There are a number of ways to reduce the costs of discovery. For brevity, I remind you of a (nearly) free and often overlooked method:  The California Public Records Act (CPRA) Government Code §§ 6250-6276.48., and its federal, near equivalent, Freedom of Information Act (FOIA) 5 U.S.C. § 552. Both laws allow for full or partial disclosure of information and documents controlled by the respective governmental entities.

Part of the solution is to use other investigative tools first, especially if some of the information sought lies in the hands of the State of California or the U.S. government. CPRA and FOIA are cheap (e.g. reimbursing photocopying), and potentially very fast. CPRA access is immediate as copy requests are due in 10 days. Federal agencies respond to FOIA requests within 20 business days and are typically targeted for one month, but depending upon its complexity (“unusual circumstances”), the agency may request additional time. The first two hours of its research are free and there is also a procedure to request an expedited process.

You can find a free sample CPRA request (plus much more) here or here.

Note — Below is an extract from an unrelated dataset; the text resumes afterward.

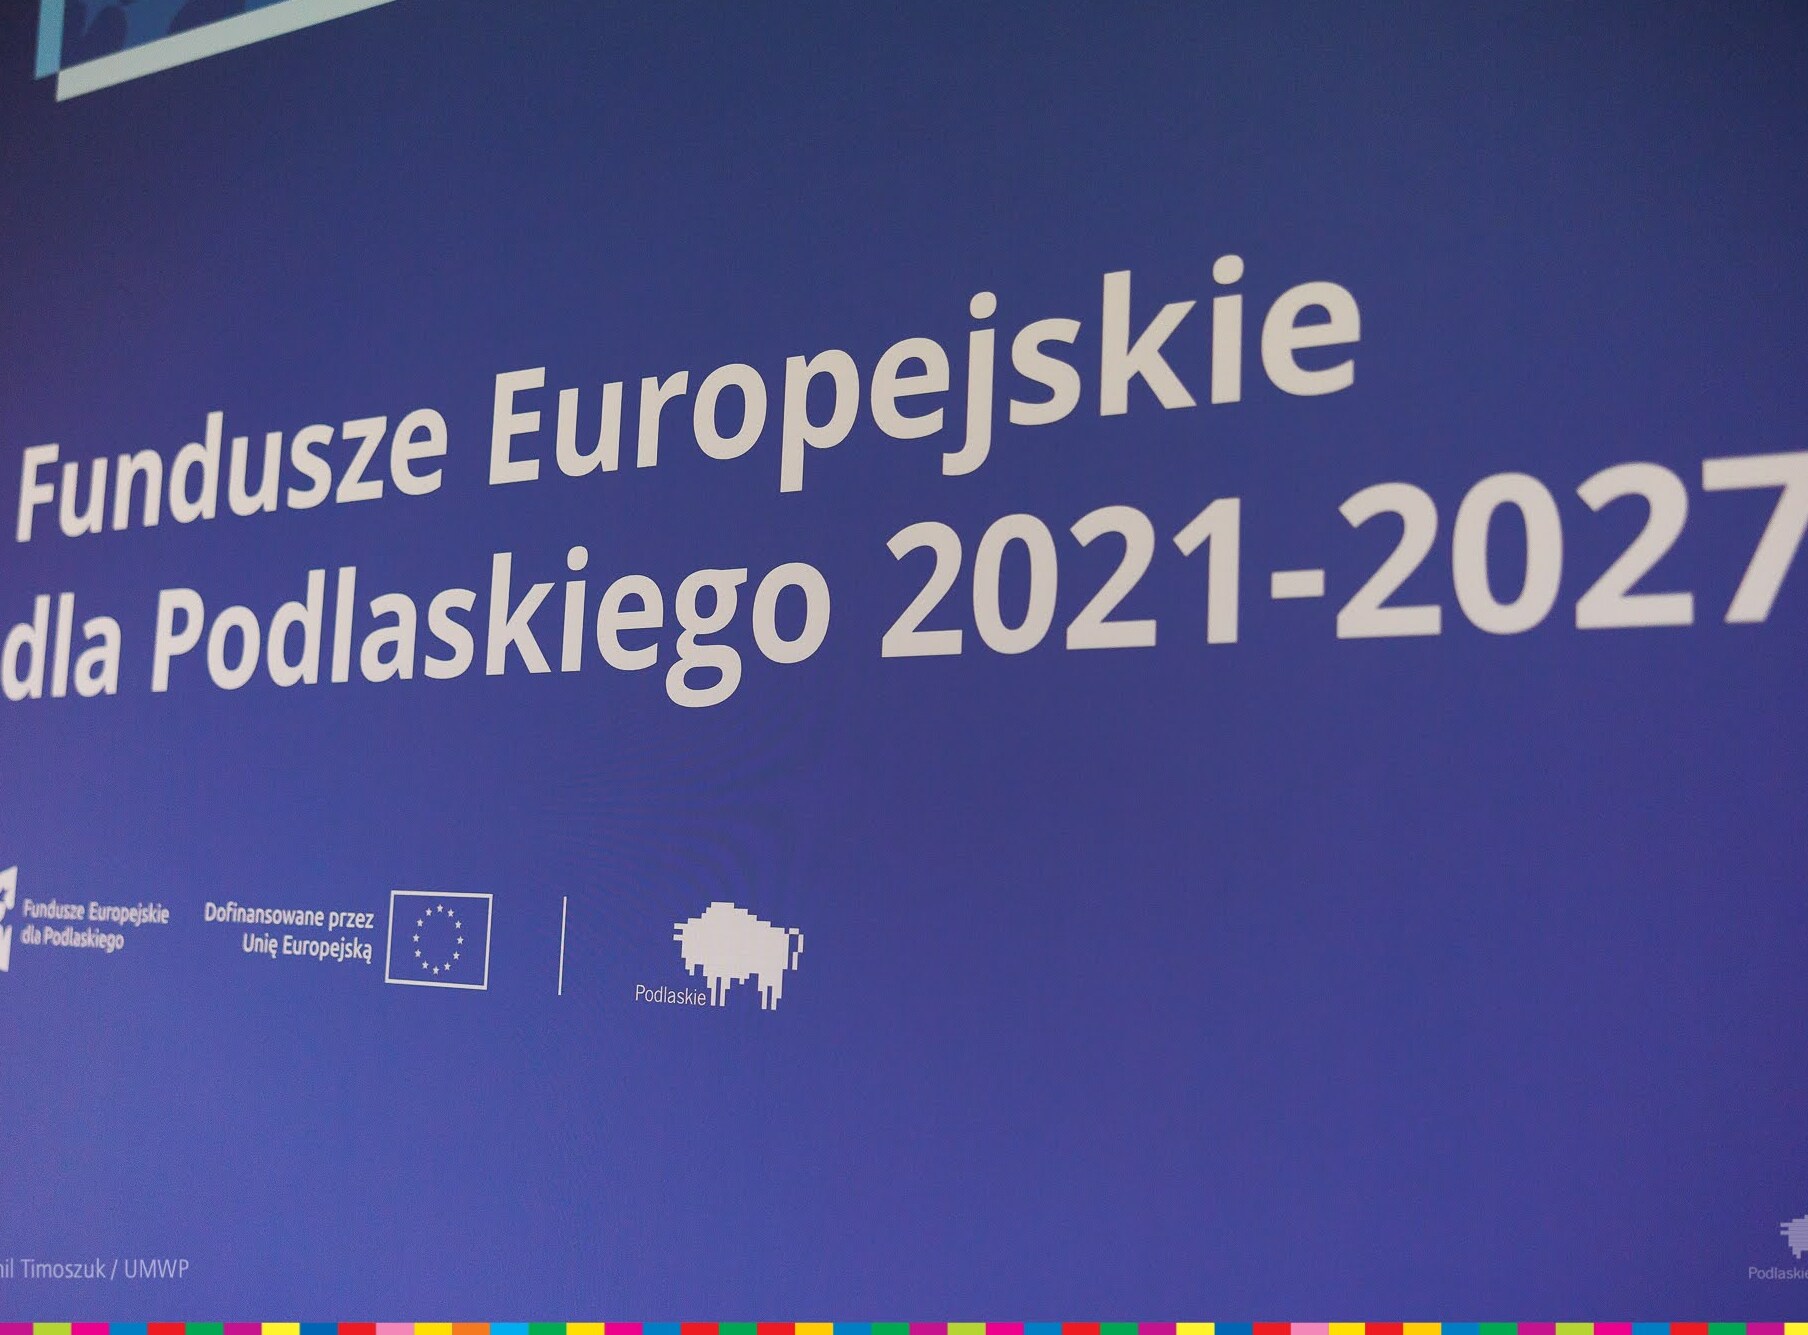 Fundusze Europejskie dla Podlaskiego 2021-2027

Federal agencies have their own requirements for your request. Here is a link so you can check with the target agency.

Click here for a sample FOIA request, courtesy of Jason C. Evans, Esq. of CaseyGerry.

There are some exceptions, restrictions and limitations, etc. on documents that are to be made available, but that’s why your client needs you.

To find out more about CPRA and FOIA, check out these sites:

CPRA

Primers:
//firstamendmentcoalition.org/public-records-2/cpra-primer/
//www.thefirstamendment.org
//en.wikipedia.org/wiki/California_Public_Records_Act

FOIA

//firstamendmentcoalition.org/public-records-2/foia-your-right-to-federal-records-2011/

The National Freedom of Information Coalition:
//www.nfoic.org/california-foia-laws
//www.foia.gov/faq.html

FOIA basics from George Washington University:
//www2.gwu.edu/~nsarchiv/nsa/foia/guide.html

Happy Hunting!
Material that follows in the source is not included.